The urgency comes from outbreaks that changed the public-health calculus. By 1 April 2026, the UK Health Security Agency had been notified of 21 confirmed invasive meningococcal disease cases linked to Canterbury, Kent. All 21 were MenB, 18 were the outbreak strain subtype P1.12-1,16-183, and all were hospitalised. Later reporting said two teenagers died. UKHSA said the Kent outbreak was unusual in both size and speed compared with past outbreaks, and later said three confirmed MenB cases in Weymouth, Dorset were a different strain and were not linked to Kent. Officials have also been watching spread in Berkshire.

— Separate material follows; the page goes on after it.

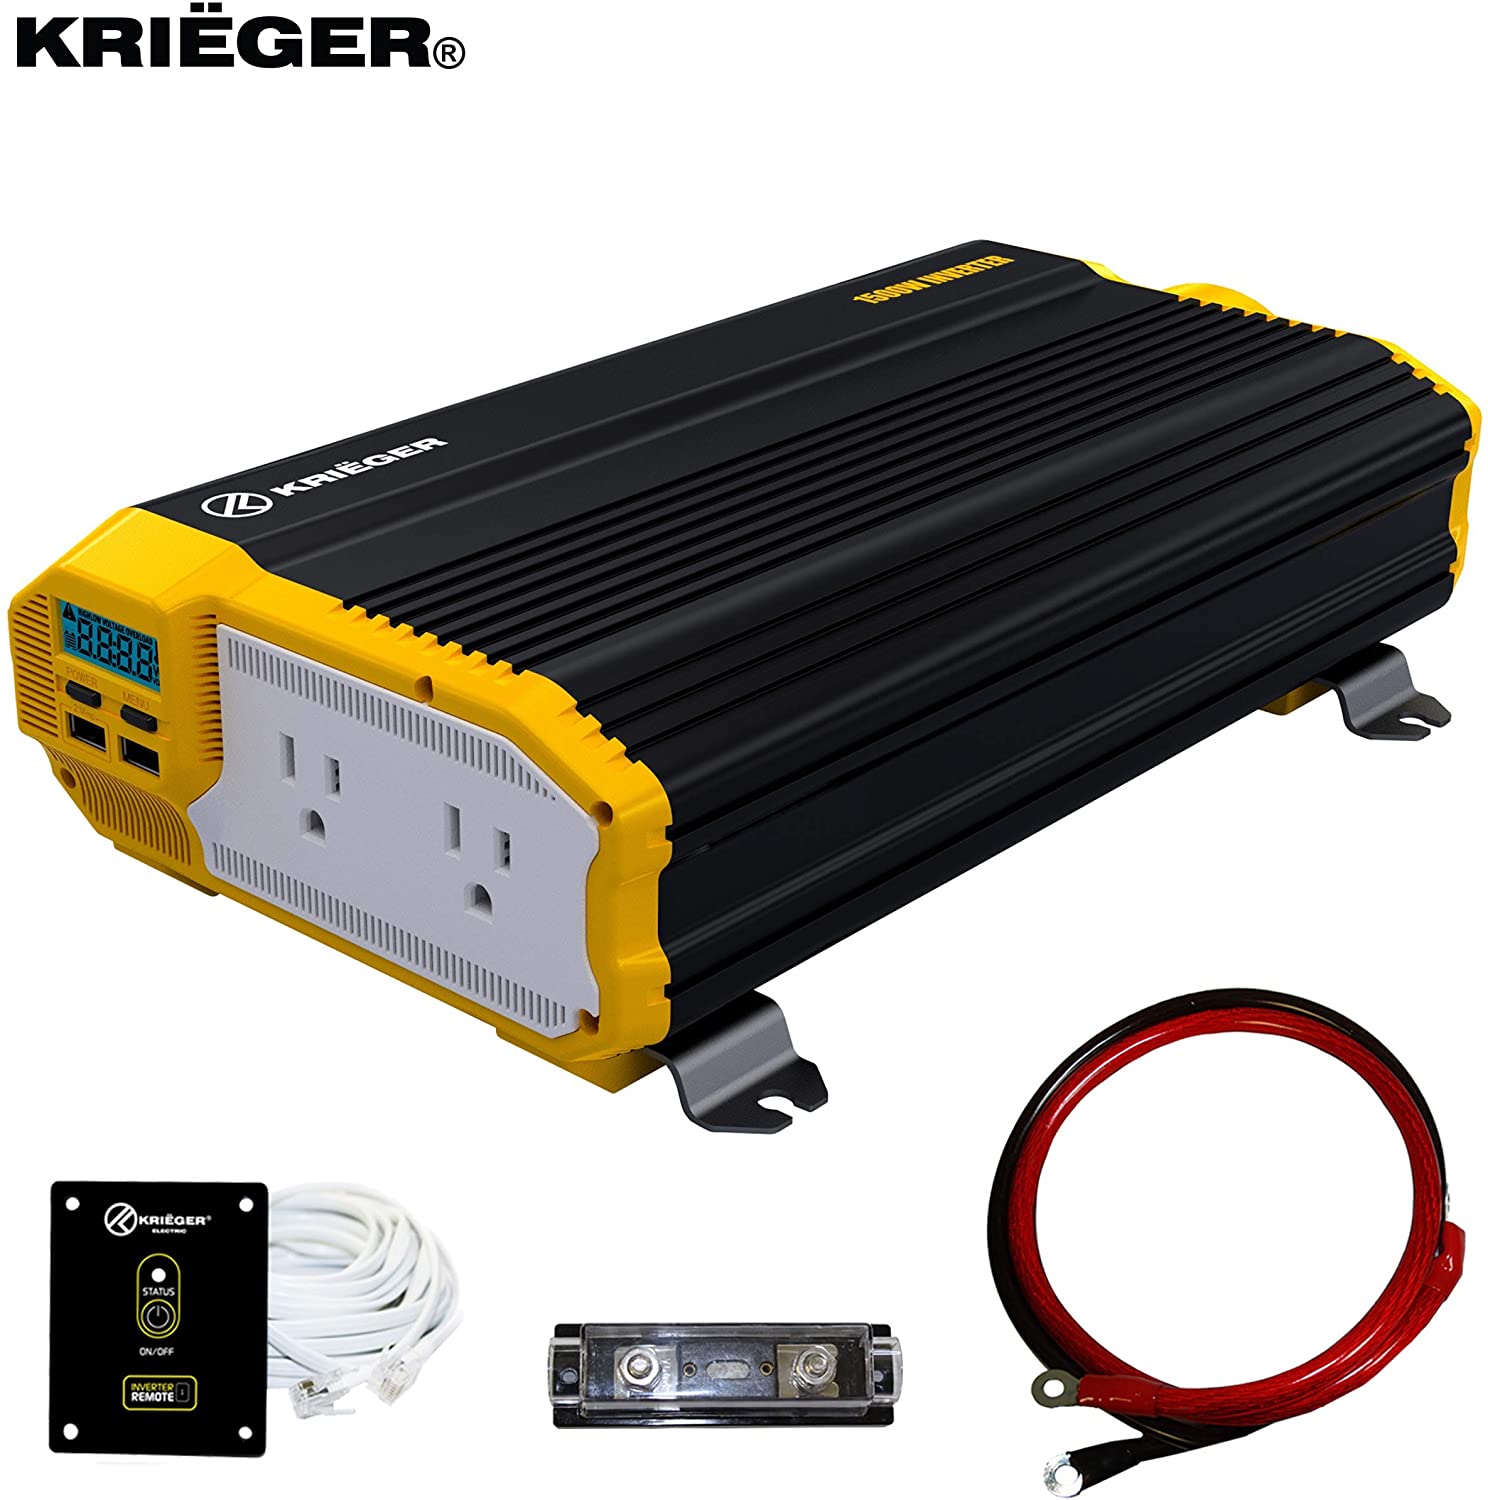 Krieger 1500W Power Inverter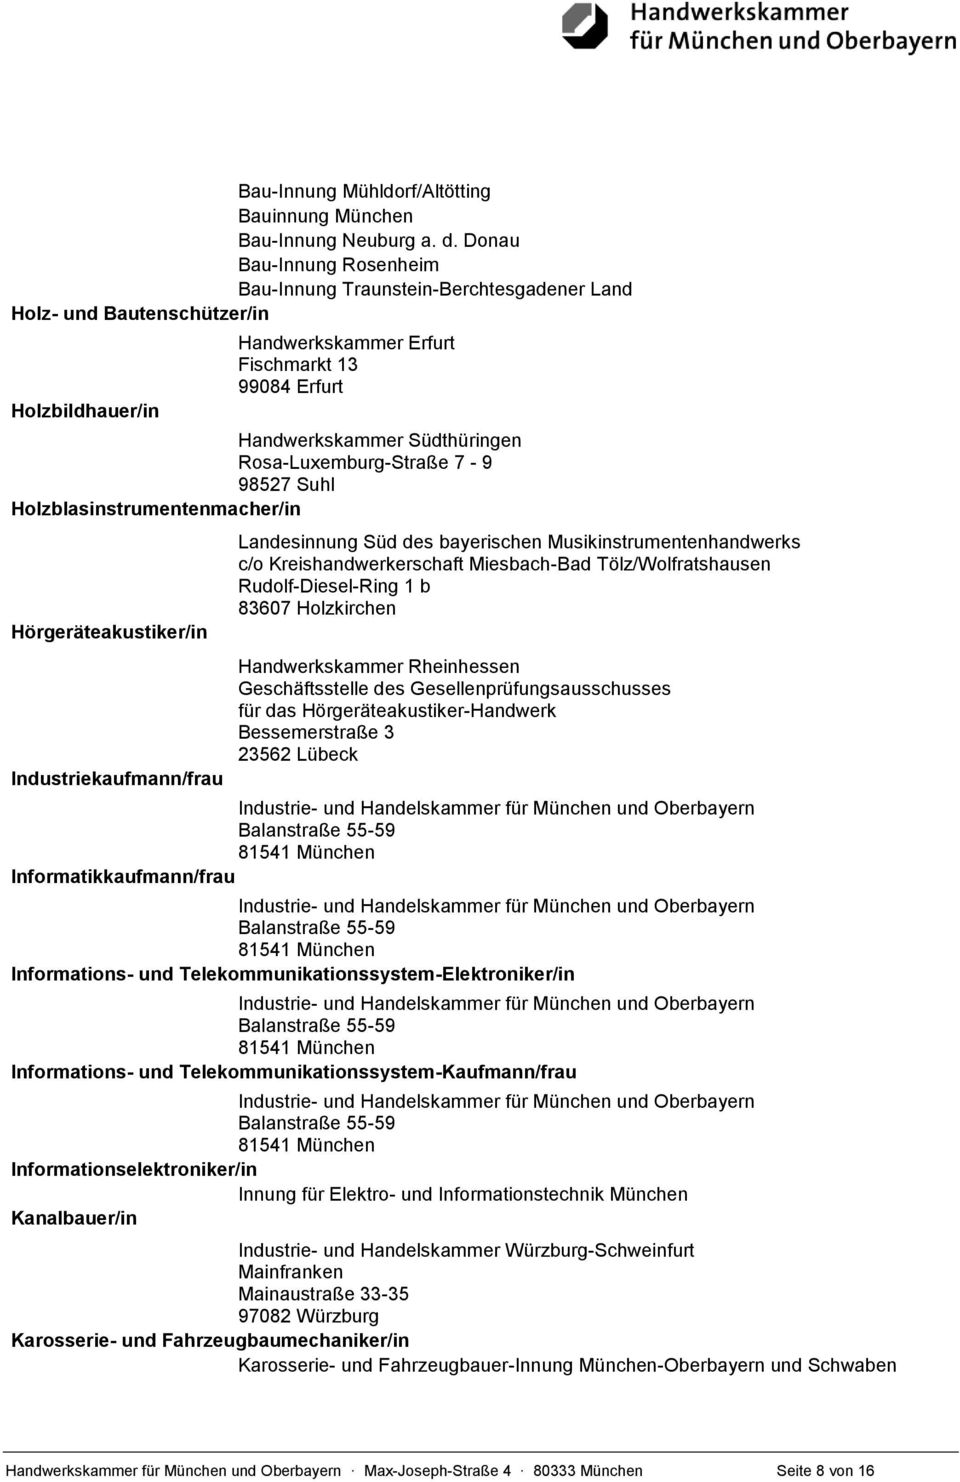 Rosa-Luxemburg-Straße 7-9 98527 Suhl Holzblasinstrumentenmacher/in Hörgeräteakustiker/in Industriekaufmann/frau Landesinnung Süd des bayerischen Musikinstrumentenhandwerks c/o Kreishandwerkerschaft

Guernsey’s own response began earlier, on 18 March 2026, when States of Guernsey public health said it was aware of the Kent cases and that UKHSA was managing the situation, including a targeted vaccination programme for residents at Canterbury Campus Halls of Residence at the University of Kent. The island is now shaping its local offer around the same risk profile, with timing central to its public-health logic.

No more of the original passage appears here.